On s’est rendu compte que c’était pratiquement impossible de changer notre taux de taxe, parce que ça devenait que les non-servis ne payeraient pas et que les servis auraient une hausse trop importante. Donc, on ne trouvait pas ça juste et équitable pour l'ensemble de la population, croit M. Gingras.

Ce que dit la loi

Un conseil municipal doit voter la façon dont sera financé chaque règlement d’emprunt pour les projets d’infrastructures. Les élus sont libres de choisir le mode de financement et de déterminer s’il sera appliqué à l’ensemble de la population ou seulement à une partie de celle-ci.

Professeure à l'UQAM et spécialiste en gestion municipale, Danielle Pilette note que le taux de taxation est généralement réparti selon le bénéfice attendu pour la population.

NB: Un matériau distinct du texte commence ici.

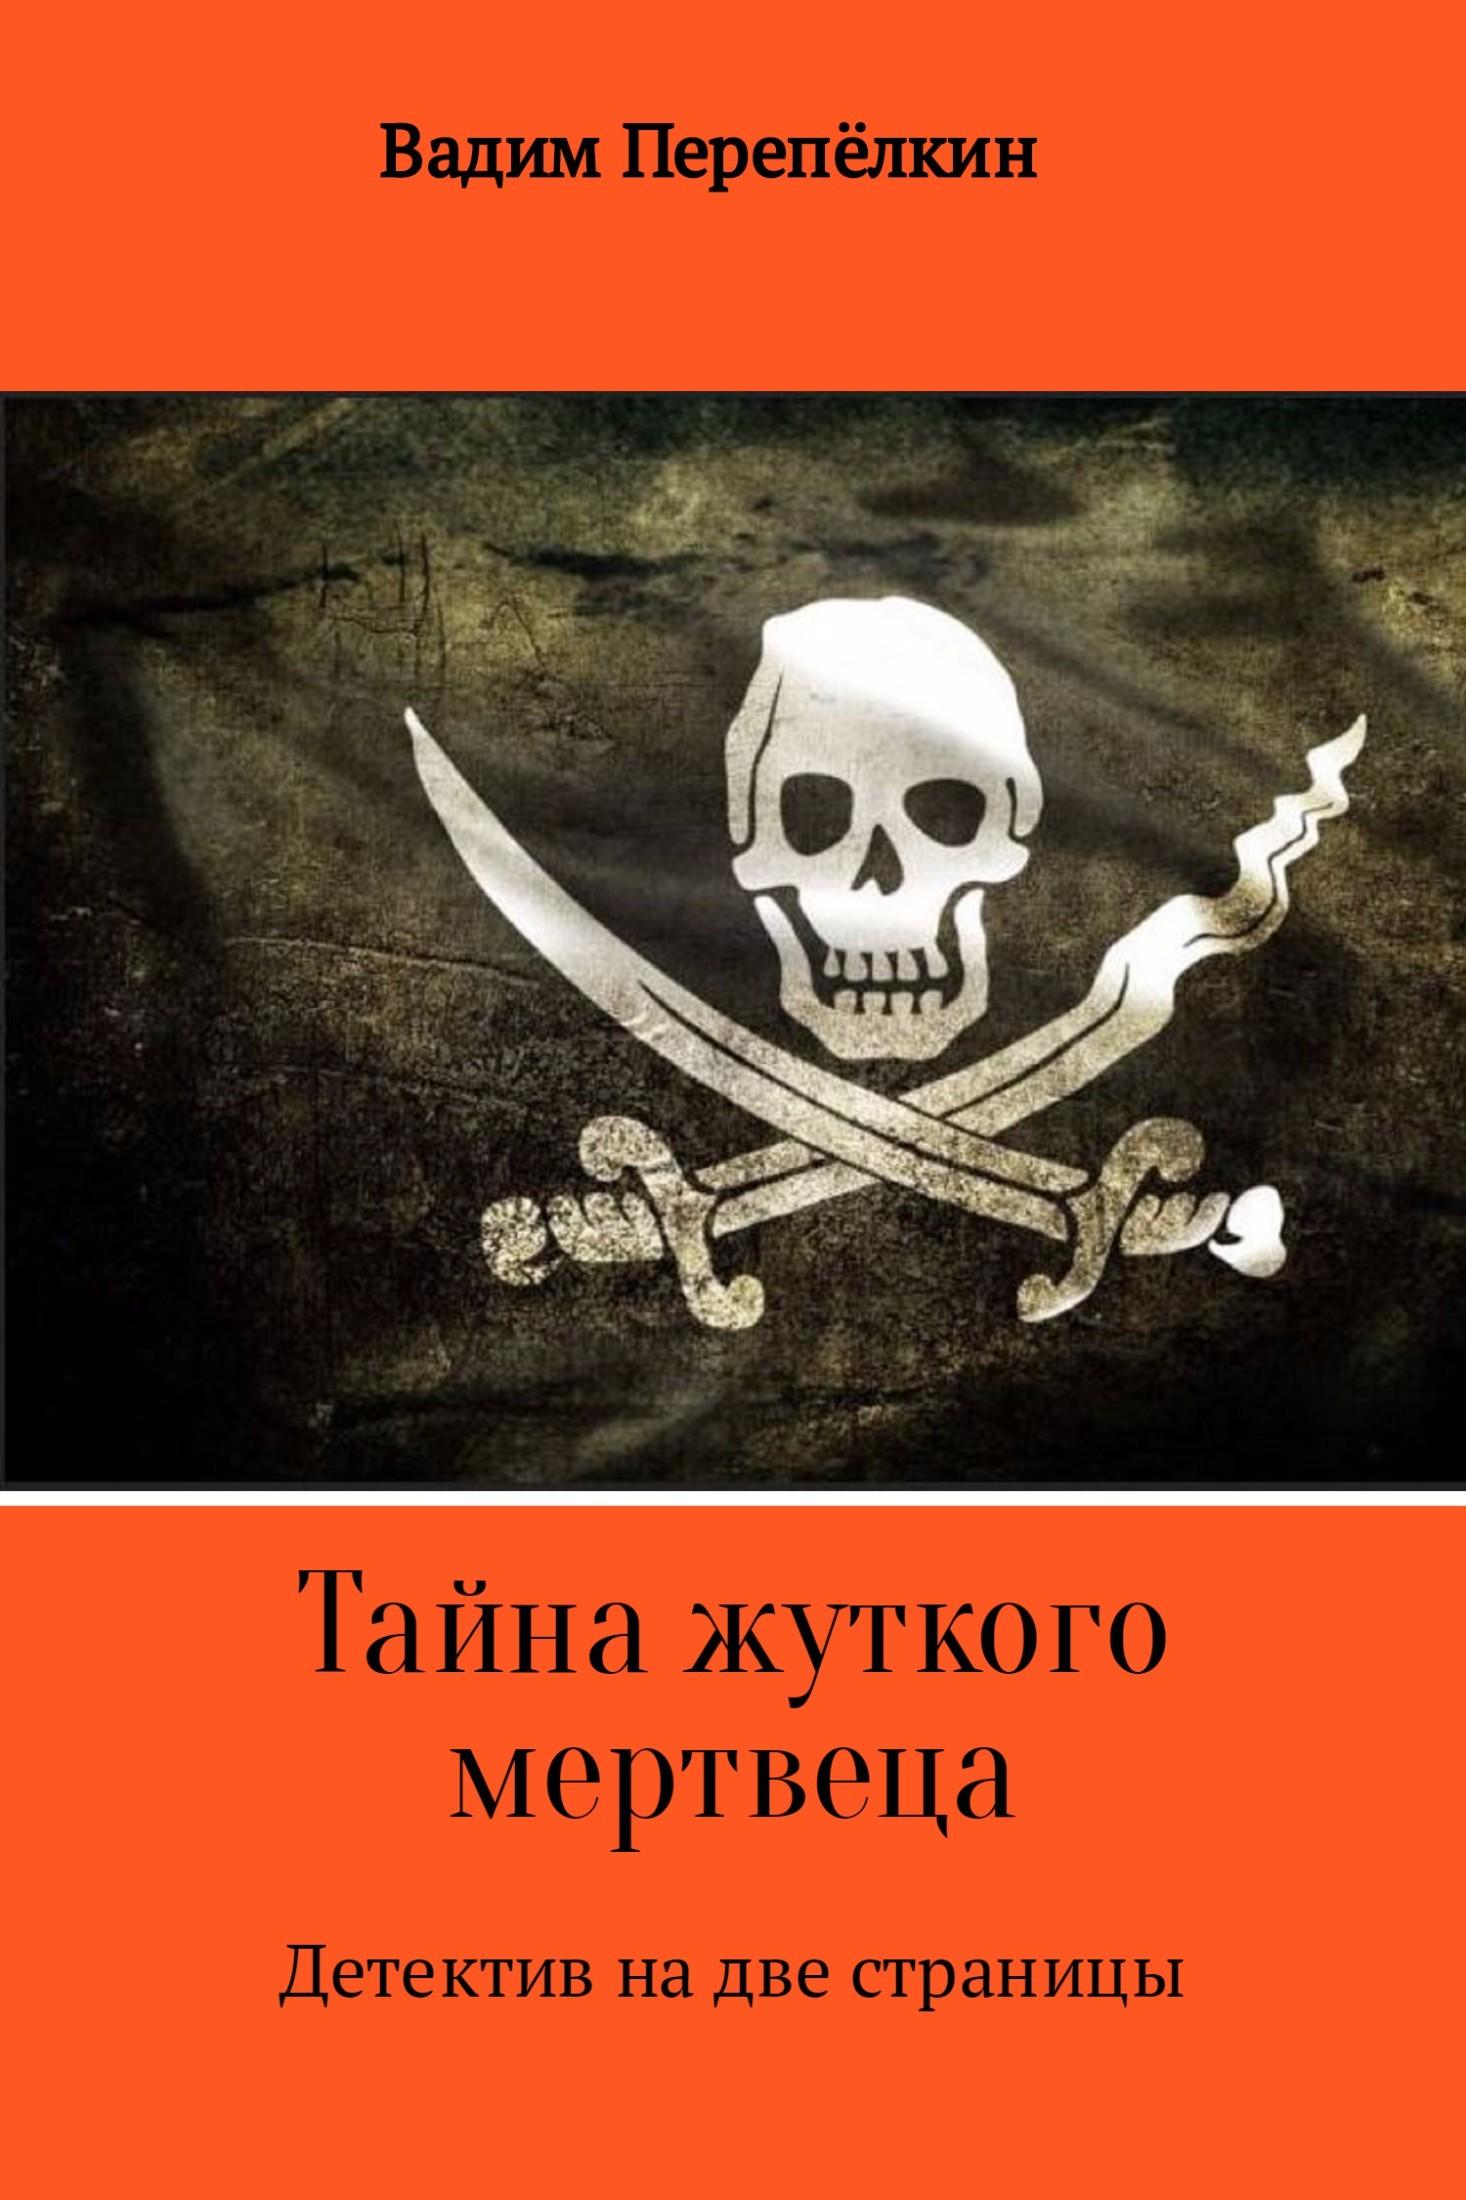 Вадим Перепёлкин Тайна жуткого мертвеца мария жукова гладкова остров острых ощущений
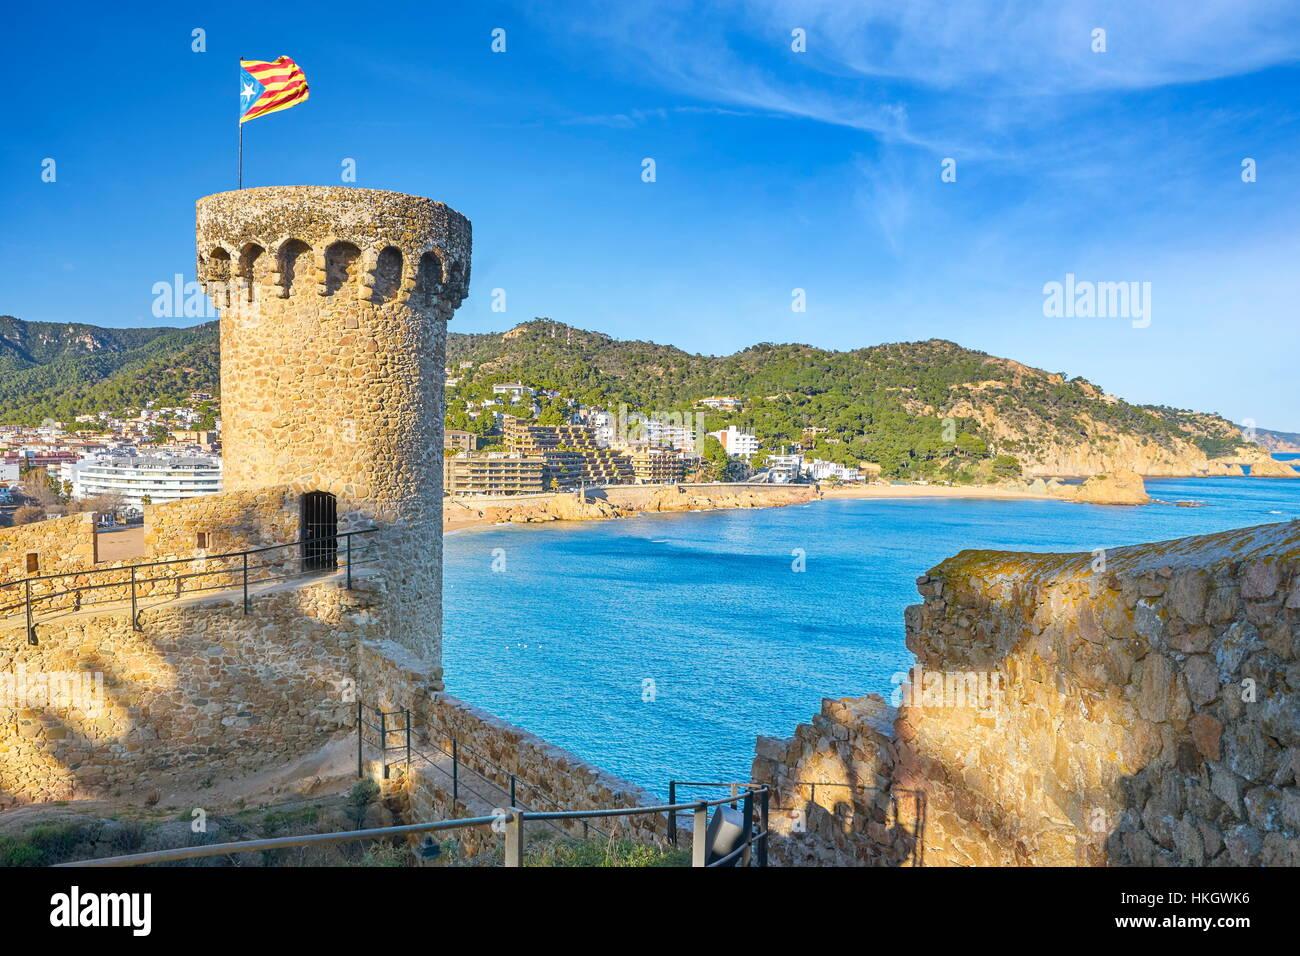 Tossa del Mar, Costa Brava, Katalonien, Spanien Stockbild

Pour ce qui concerne les aqueducs et les égouts, ça va être en particulier les propriétaires servis qui vont recevoir la facture. Maintenant, il n’est pas certain qu’ils reçoivent 100 % de la facture. La Municipalité pourrait dire que même si on n’est pas en secteur servi, on en tire quand même un certain bénéfice , explique Mme Pilette en citant en exemple les écoles, les hôpitaux et les commerces du noyau urbain.

Danielle Pilette au micro d'ICI Première.

Danielle Pilette affirme que plusieurs facteurs peuvent guider une municipalité dans son choix de répartition des taxes. (Photos d'archives)

Photo : Radio-Canada / Maya Arseneau

Cette spécialiste évalue que dans un tel scénario, un pourcentage pouvant aller, par exemple, à 25 % ou à 30 % de taxes serait envisageable pour des propriétaires non servis.

En ce qui concerne les routes, tout va dépendre du statut qu’on va donner à la rue municipale, indique Danielle Pilette. Si c’est une route collectrice ou une rue résidentielle, la répartition des taxes foncières ne sera pas la même.

Le comité de riverains a récemment entrepris des démarches de révision auprès de la Commission municipale du Québec.